_Information supplied_.
* * * *

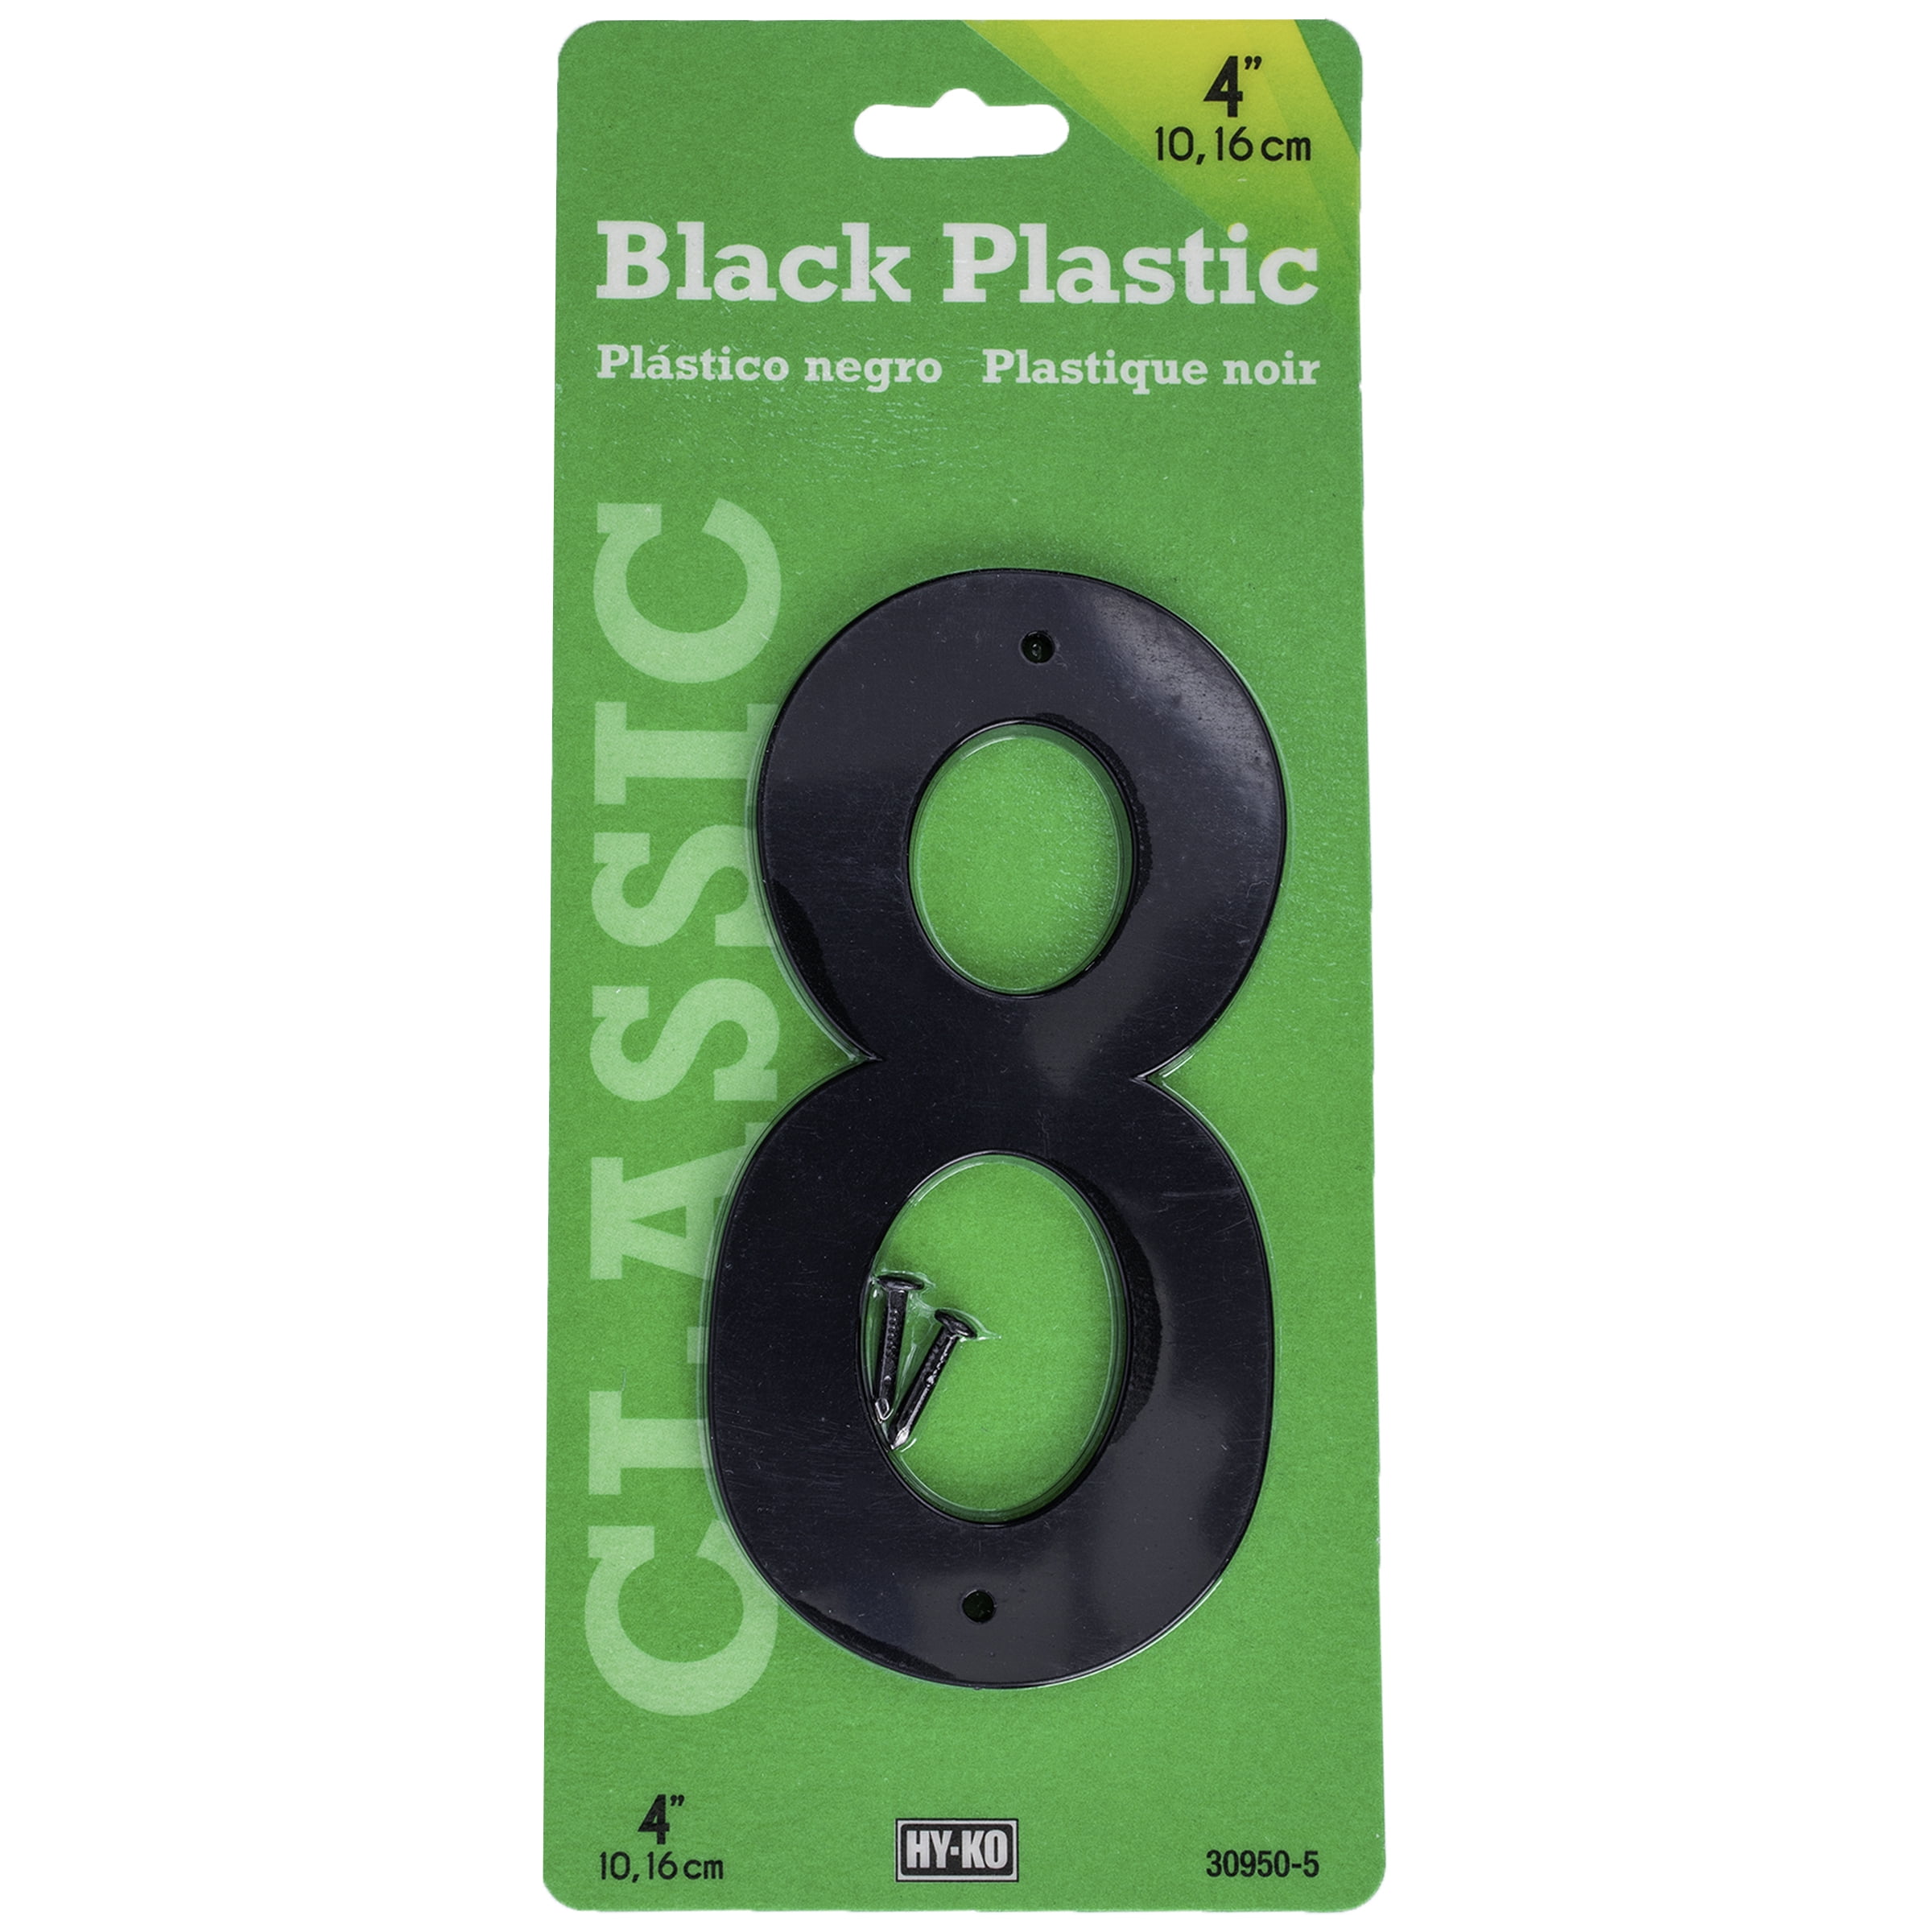 HY-KO 4" BLACK PLASTIC MODERN NUMBER 8
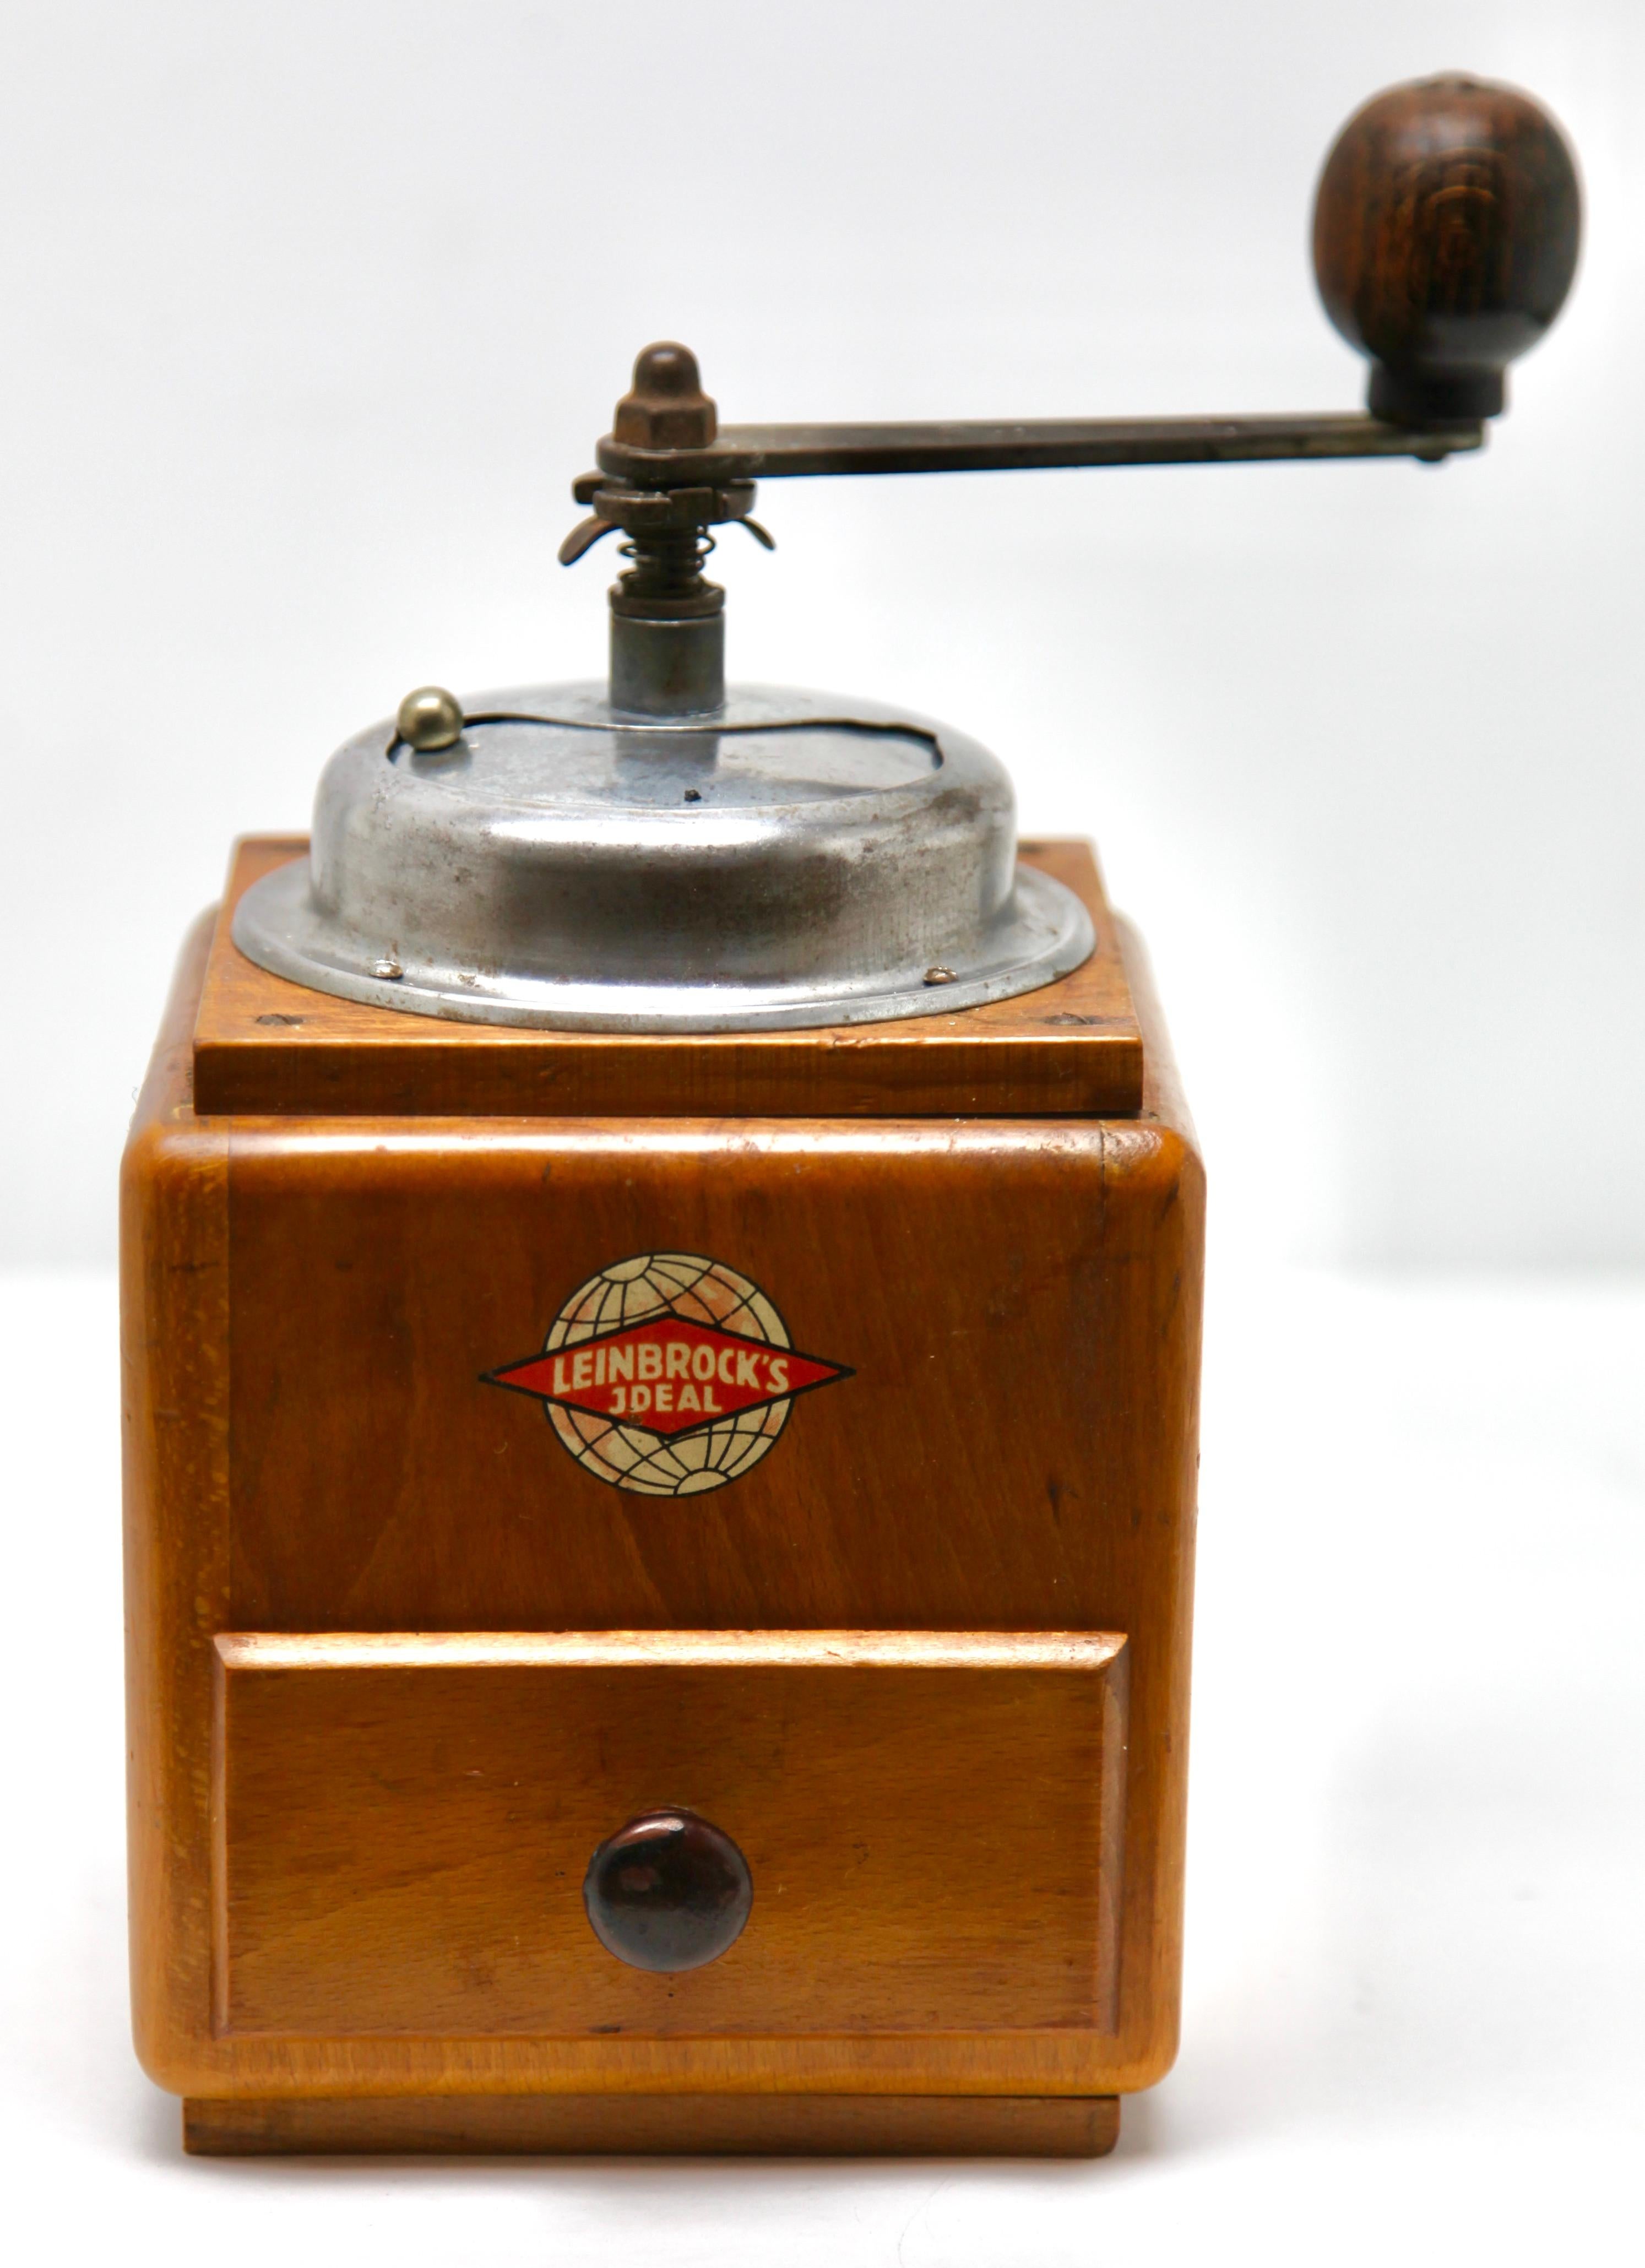 leinbrock coffee grinder
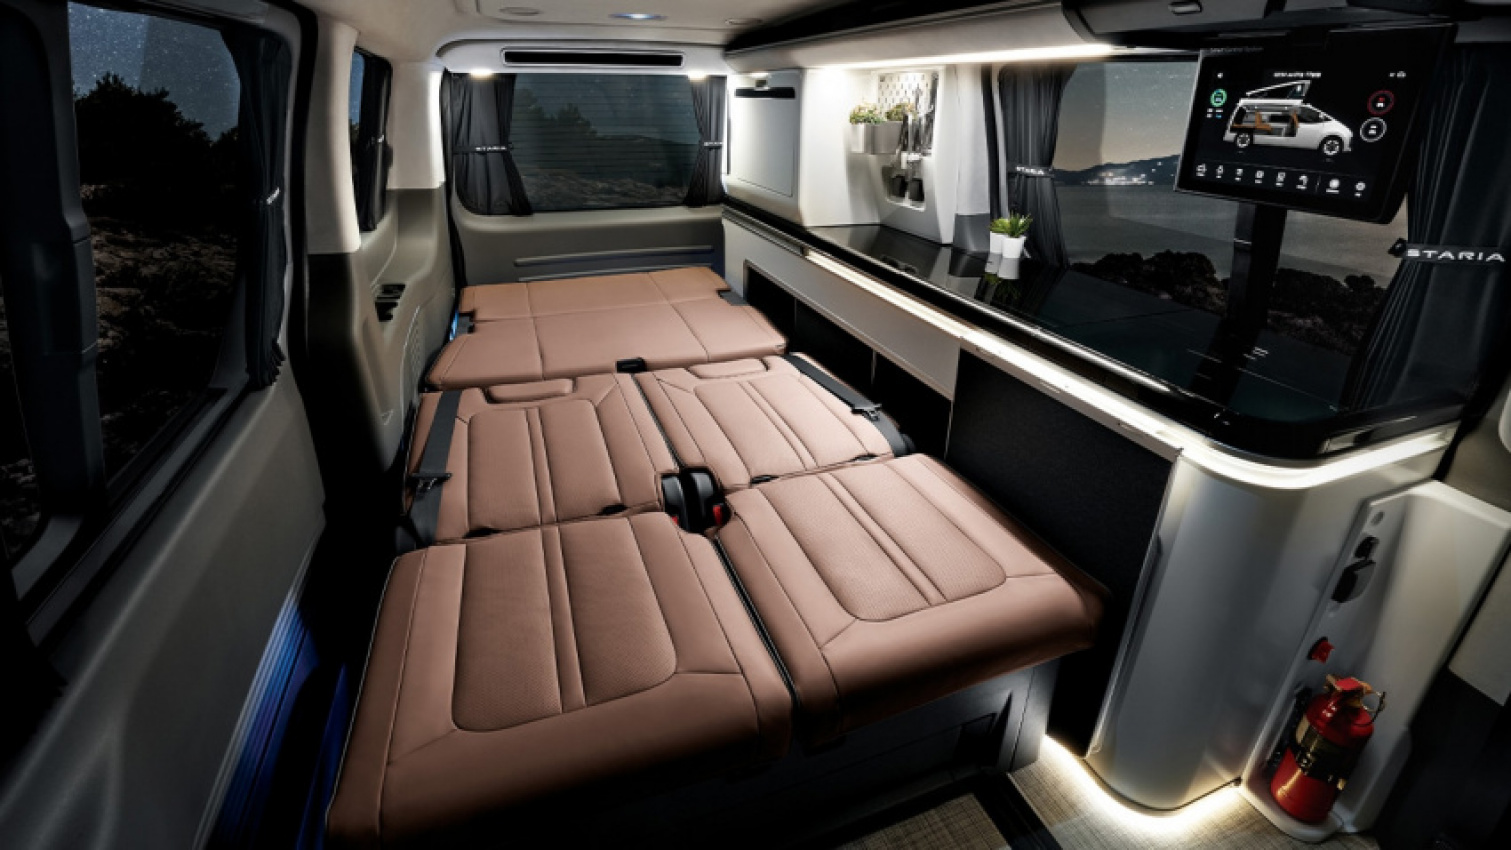 autos, cars, hyundai, news, the ultra-futuristic hyundai staria camper van offers a peek into sleeping in a spaceship

* * * *

_Task objective_. Please repeat the data above exactly as it appears, pictures excluded.

_Result of the exercise_.
 HY-KO 4" BLACK PLASTIC MODERN NUMBER 8
 leinbrock coffee grinder
 autos, cars, hyundai, news, the ultra-futuristic hyundai staria camper van offers a peek into sleeping in a spaceship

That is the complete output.